Initial attempt, 36 bytes:
RCC_BASE = 0x40021000
RCC_PB2PCENR_OFFSET = 24
GPIOA_BASE = 0x40010800
GPIOA_BASE_SHIFTED = (0x40010800 << 1)
GPIOA_CFGLR_OFFSET = 0
GPIOA_BSHR_OFFSET = 16
GPIOA_BCR_OFFSET = 20
init:
# By default SYSCLK is 24 MHz
# Enable GPIOA clock (and GPIOC, and write to RO reserved bit as side effect)
# Side effects are due to abusing the constant in a0 and using it for 3 different things
lui a5, %hi(RCC_BASE) # equivalent to li a5, RCC_BASE
c.li a0, 0x16
c.sw a0, RCC_PB2PCENR_OFFSET(a5)
# Put PA1 into push-pull output (and modify PA0 mode as side effect)
# these two instructions save 2 bytes compared to naive "li a5, GPIOA_BASE"

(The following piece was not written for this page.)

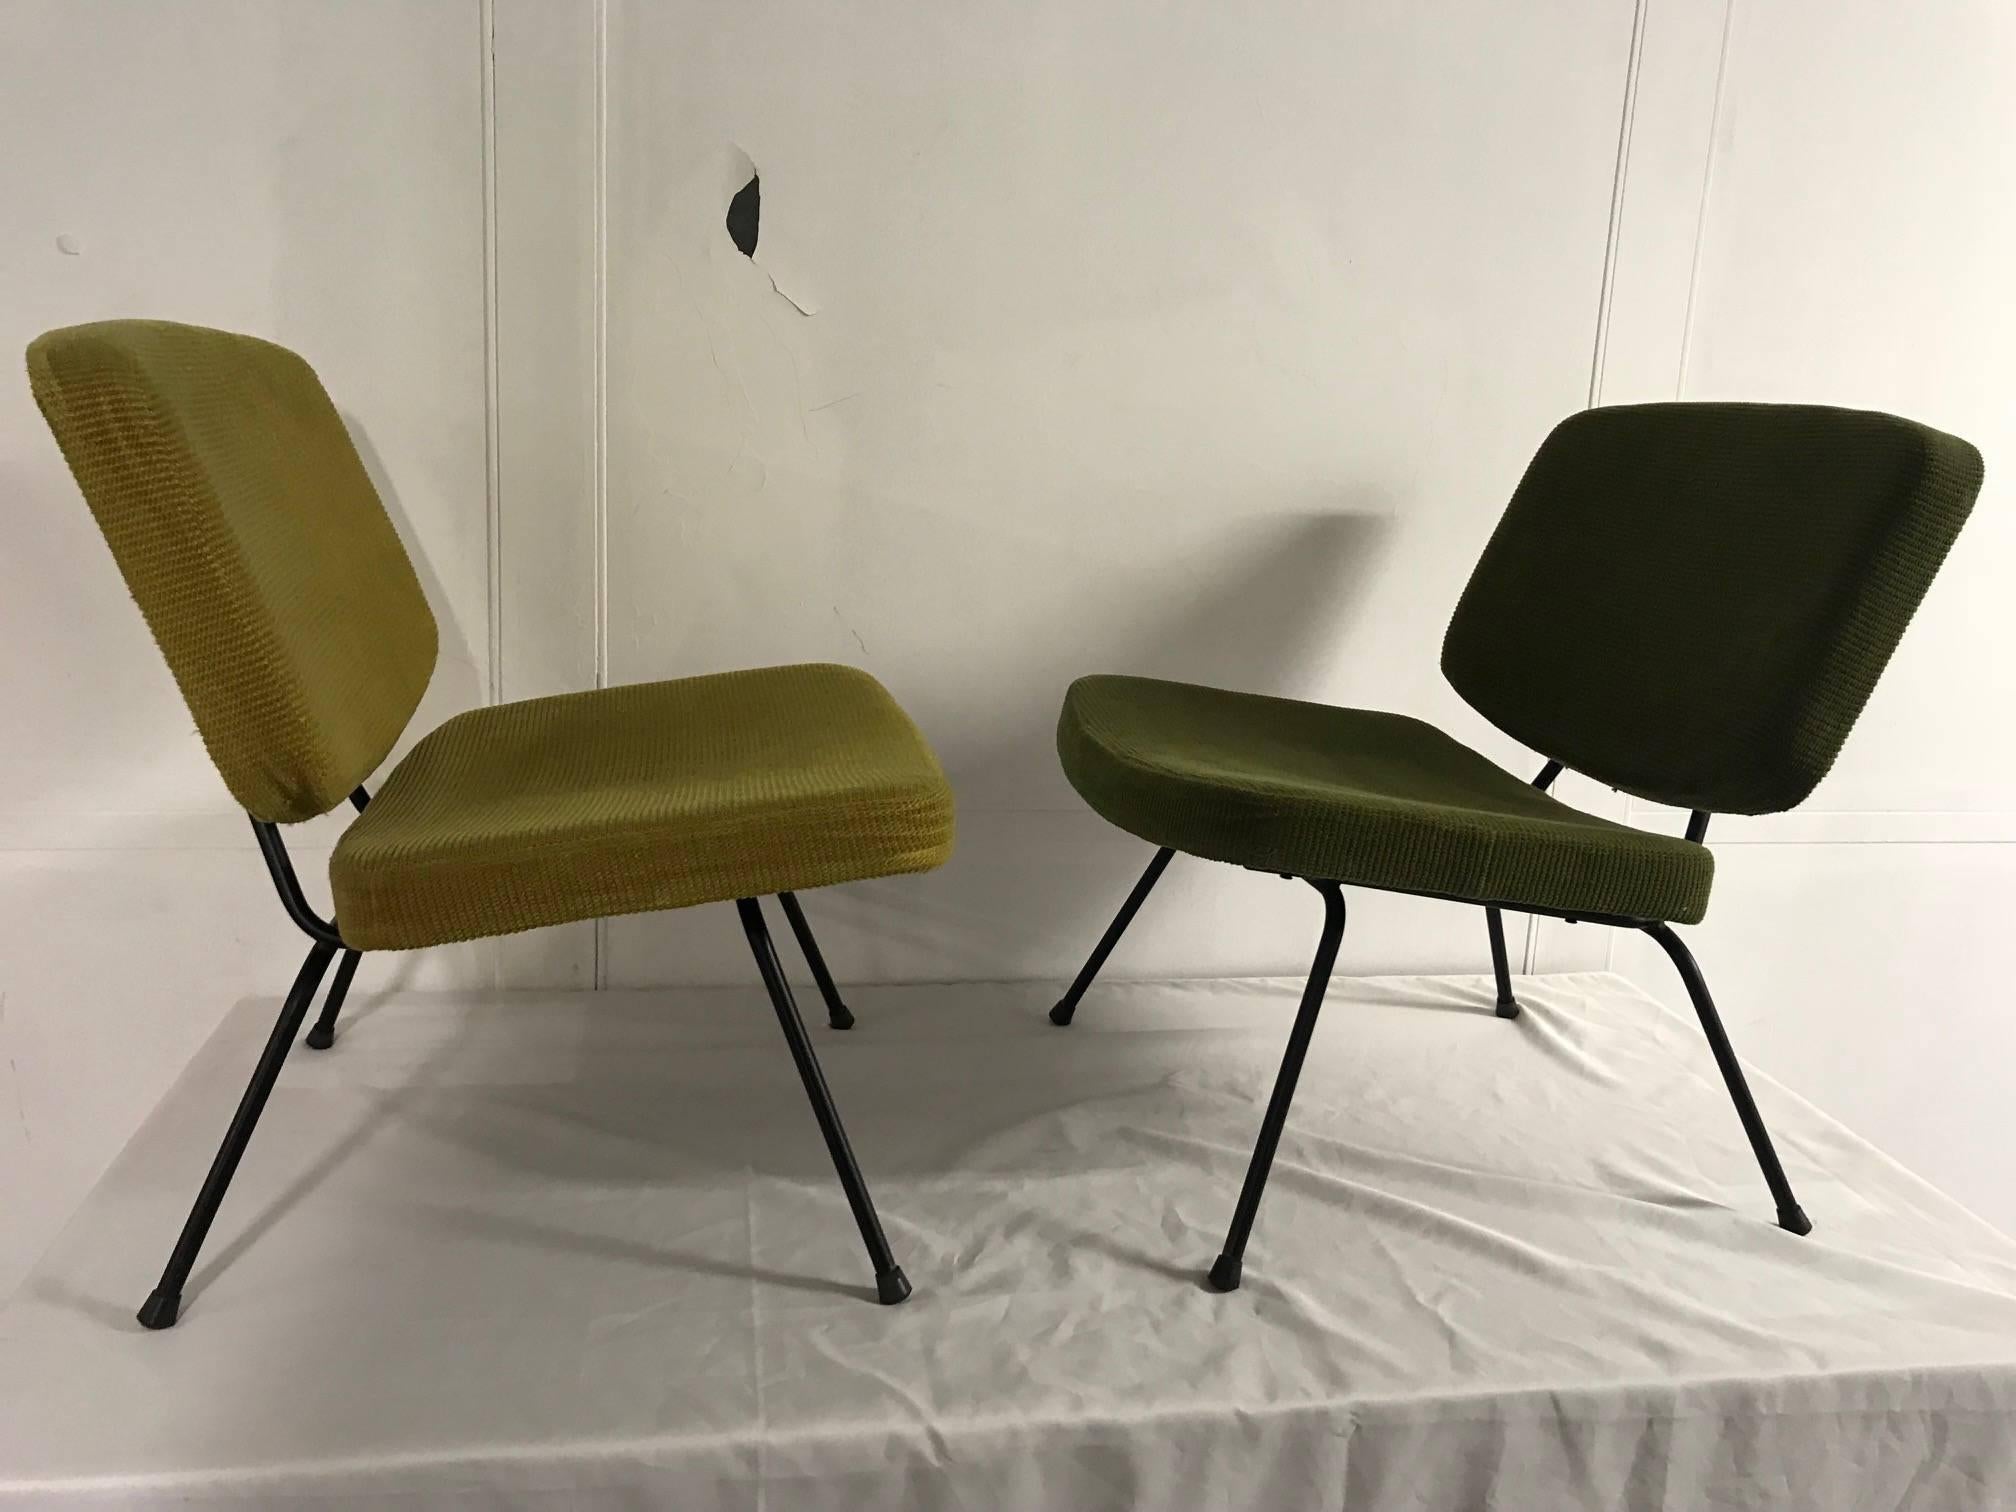 Pair of CM190 chairs by Pierre Paulin, France, Thonet editions.

lui a5, %hi(GPIOA_BASE_SHIFTED)
c.srli a5, 1
c.sw a0, GPIOA_CFGLR_OFFSET(a5)
# Toggle PA1 (and two other pins as side effect) at roughly 1 Hz
main_loop:
c.sw a0, GPIOA_BSHR_OFFSET(a5)
c.jal busy_wait
# it is odd to me that the chip has both set/reset and reset-only control registers,
# but it does allow us to do this
c.sw a0, GPIOA_BCR_OFFSET(a5)
c.jal busy_wait
c.j main_loop
busy_wait:
# use the address 0x40010800 as the cycle count
# 500 ms @ 24 MHz = 12 million cycles
# would have guessed 2 cycles per loop iteration, so loop needs about 6 million iterations
# 0x40010800 >> 7 gives us 8 million
# but in practice this takes like 8 times longer than expected, so bump to >> 10
# (flash fetch and branching being slow?)
c.mv a3, a5
c.srli a3, 10
busy_wait_1:
c.addi a3, -1
c.bnez a3, busy_wait_1
c.jr ra
I realised it’s possible to get a nice round 32 bytes if the loop toggles instead of doing a separate set and reset, since then you can inline the busy wait:
# Blinky for the CH32V002 (PA1, approx. 1 Hz) in 32 bytes
RCC_BASE = 0x40021000
RCC_PB2PCENR_OFFSET = 24
GPIOA_BASE = 0x40010800
GPIOA_BASE_SHIFTED = (0x40010800 << 1)
GPIOA_CFGLR_OFFSET = 0
GPIOA_OUTDR_OFFSET = 12
init:
lui a5, %hi(RCC_BASE)
c.li a0, 0x16
c.sw a0, RCC_PB2PCENR_OFFSET(a5)
lui a5, %hi(GPIOA_BASE_SHIFTED)
c.srli a5, 1
c.sw a0, GPIOA_CFGLR_OFFSET(a5)
c.li a1, 0x2
main_loop:
c.xor a0, a1
c.sw a0, GPIOA_OUTDR_OFFSET(a5)
c.mv a3, a5
c.srli a3, 10
busy_wait:
c.addi a3, -1
c.bnez a3, busy_wait
c.j main_loop
Artful Bytes gets their blinky down to 48 bytes, but they’re targeting a different chip and ISA, so it’s not quite fair.